Weakly-Supervised Methods for Suicide Risk Assessment: Role of Related
Domains
- URL: http://arxiv.org/abs/2106.02792v1
- Date: Sat, 5 Jun 2021 04:31:06 GMT
- Title: Weakly-Supervised Methods for Suicide Risk Assessment: Role of Related
Domains
- Authors: Chenghao Yang, Yudong Zhang, Smaranda Muresan
- Abstract summary: We propose an empirical investigation into several classes of weakly-supervised approaches to suicide risk assessment.
We show that using pseudo-labeling based on related issues around mental health (e.g., anxiety, depression) helps improve model performance for suicide risk assessment.

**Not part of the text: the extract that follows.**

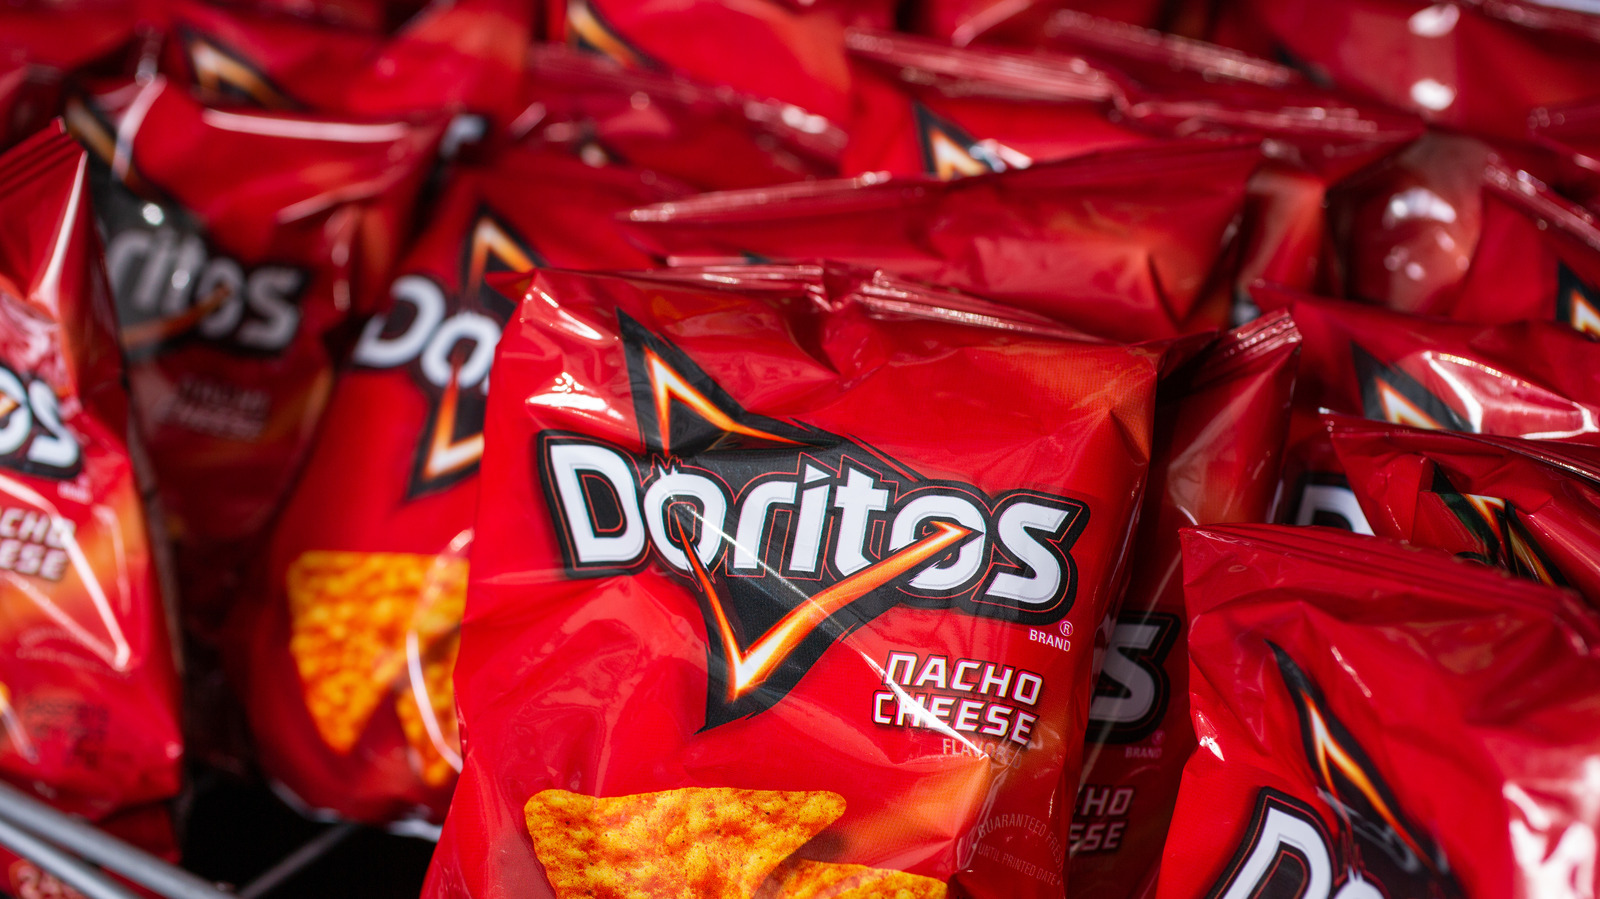 Lay's Is Releasing Potato Chips That Are Dusted With Doritos Cool Ranch  Flavoring
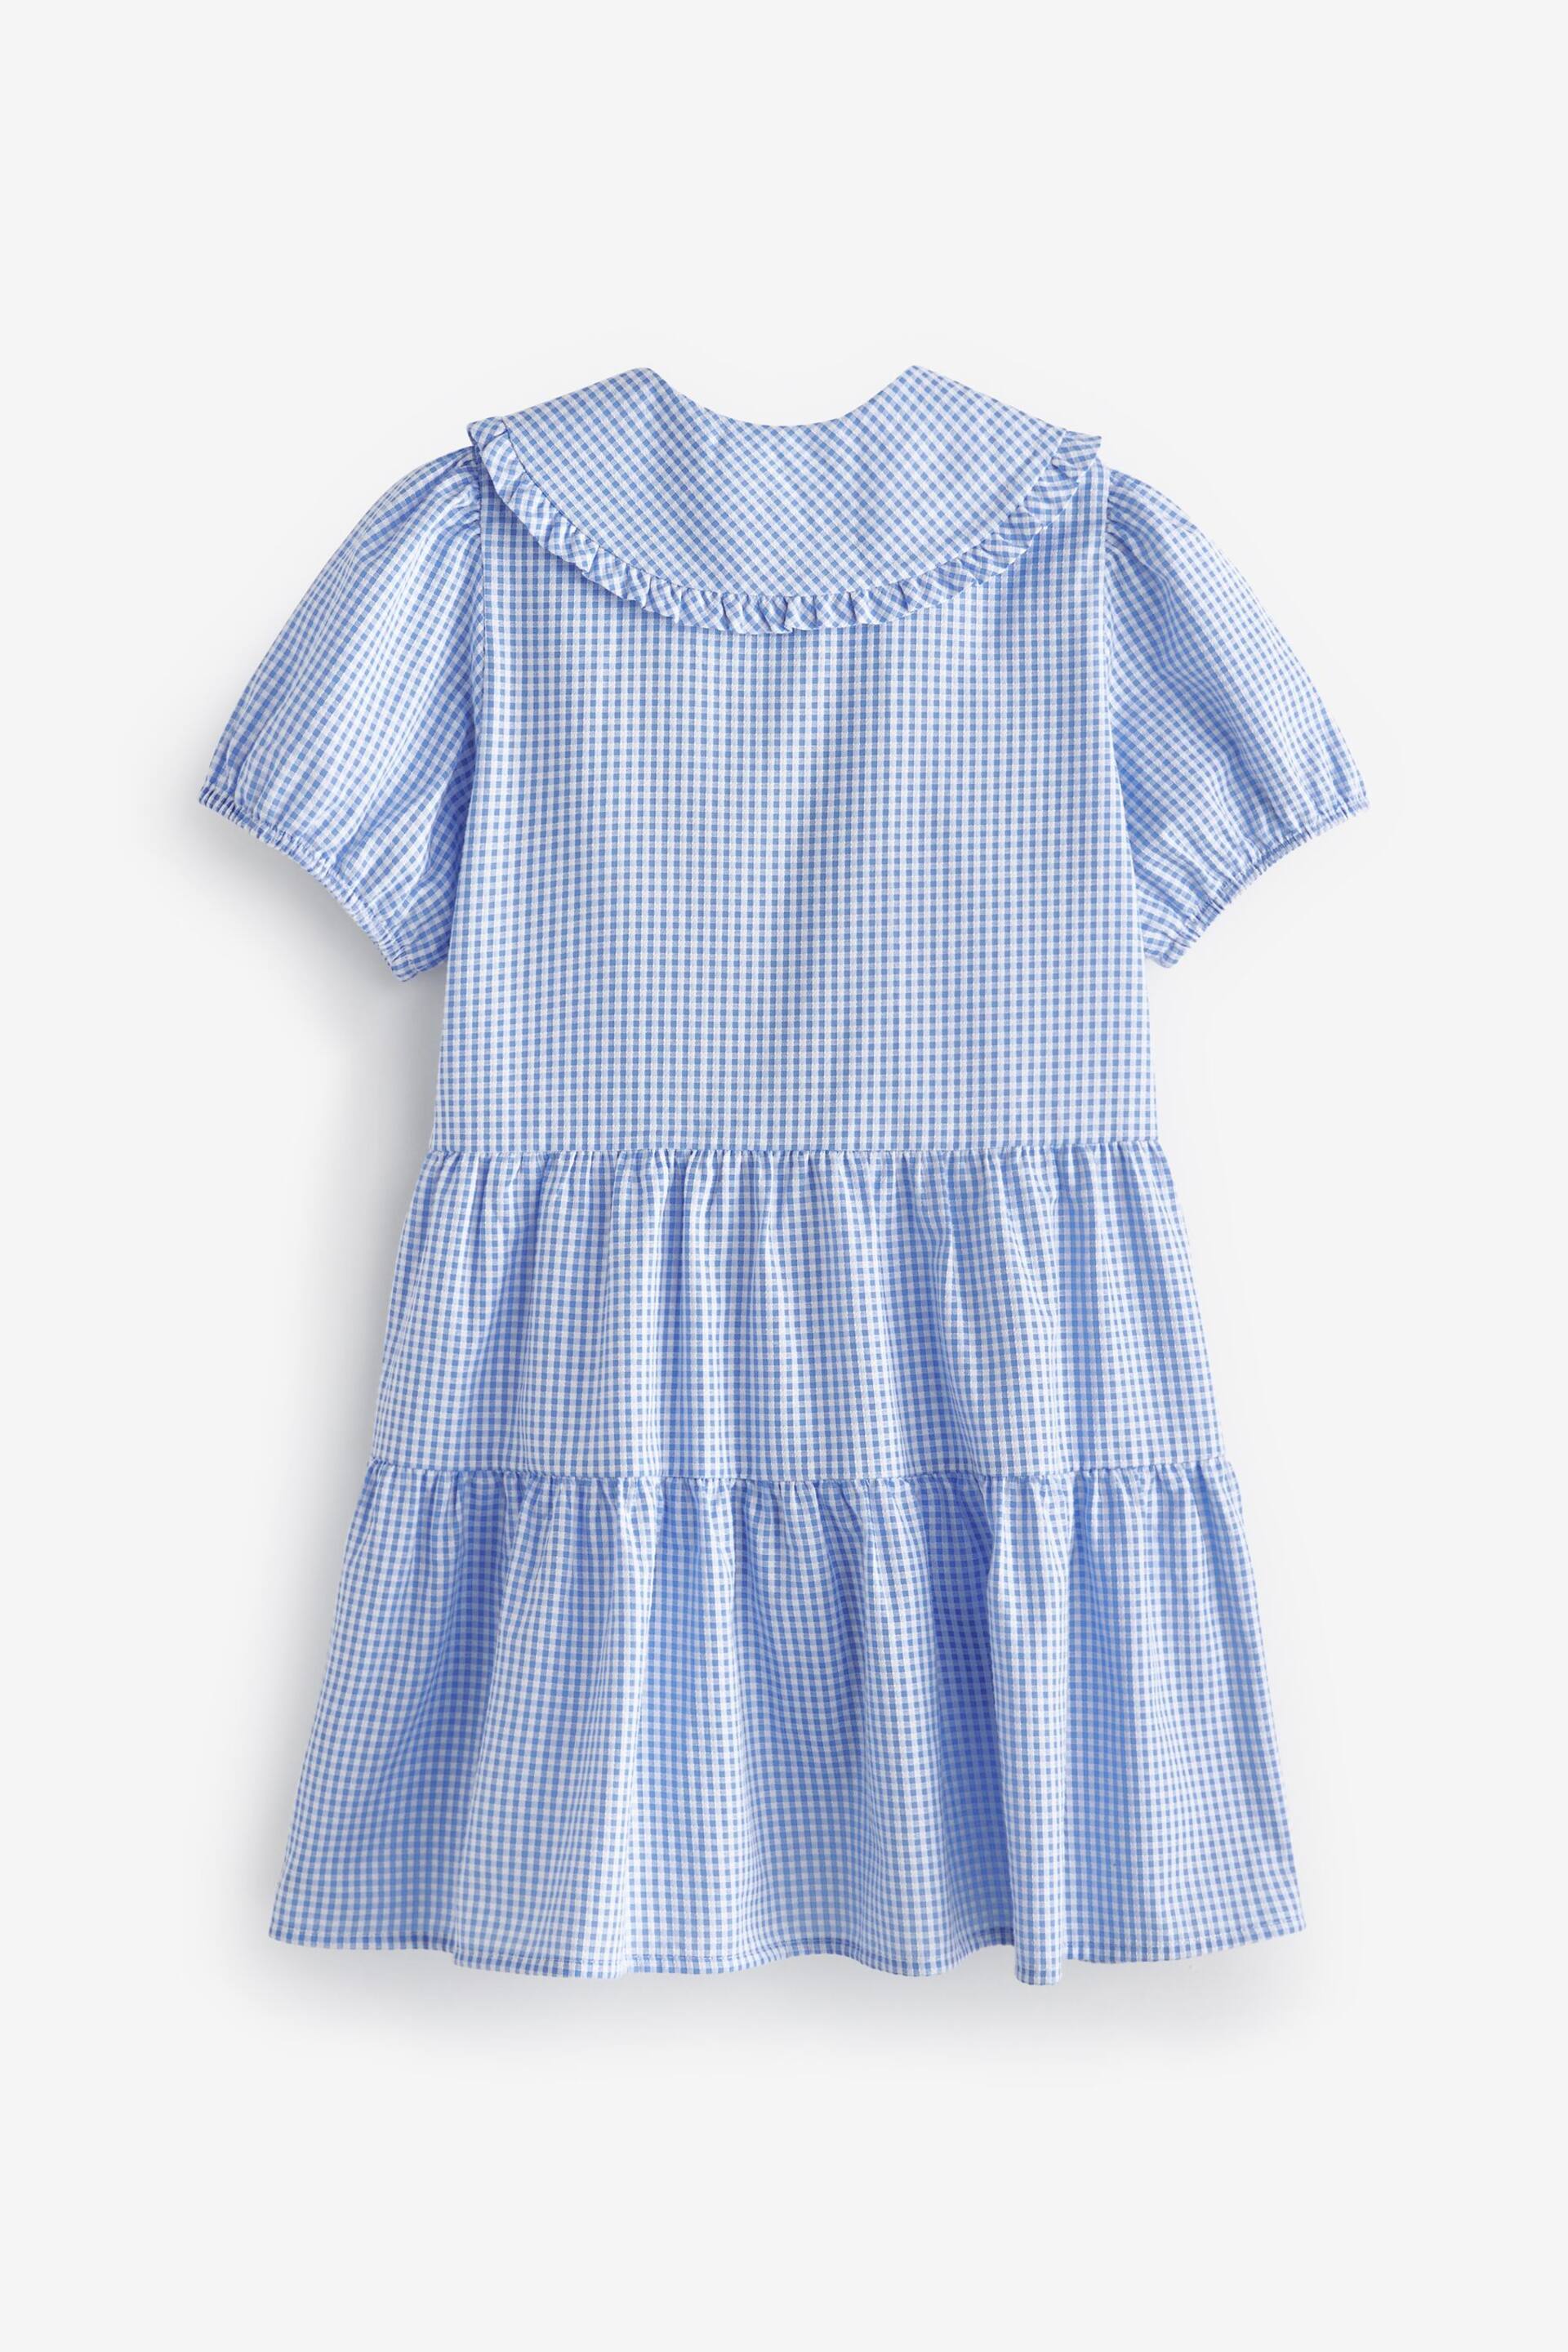 Blue Cotton Rich School Gingham Tiered Pretty Collar Dress (3-14yrs) - Image 6 of 7

- Score: 19.397193137918176
- License: http://creativecommons.org/licenses/by/4.0/
- Abstract: Social media has become a valuable resource for the study of suicidal
ideation and the assessment of suicide risk. Among social media platforms,
Reddit has emerged as the most promising one due to its anonymity and its focus
on topic-based communities (subreddits) that can be indicative of someone's
state of mind or interest regarding mental health disorders such as
r/SuicideWatch, r/Anxiety, r/depression. A challenge for previous work on
suicide risk assessment has been the small amount of labeled data. We propose
an empirical investigation into several classes of weakly-supervised
approaches, and show that using pseudo-labeling based on related issues around
mental health (e.g., anxiety, depression) helps improve model performance for
suicide risk assessment.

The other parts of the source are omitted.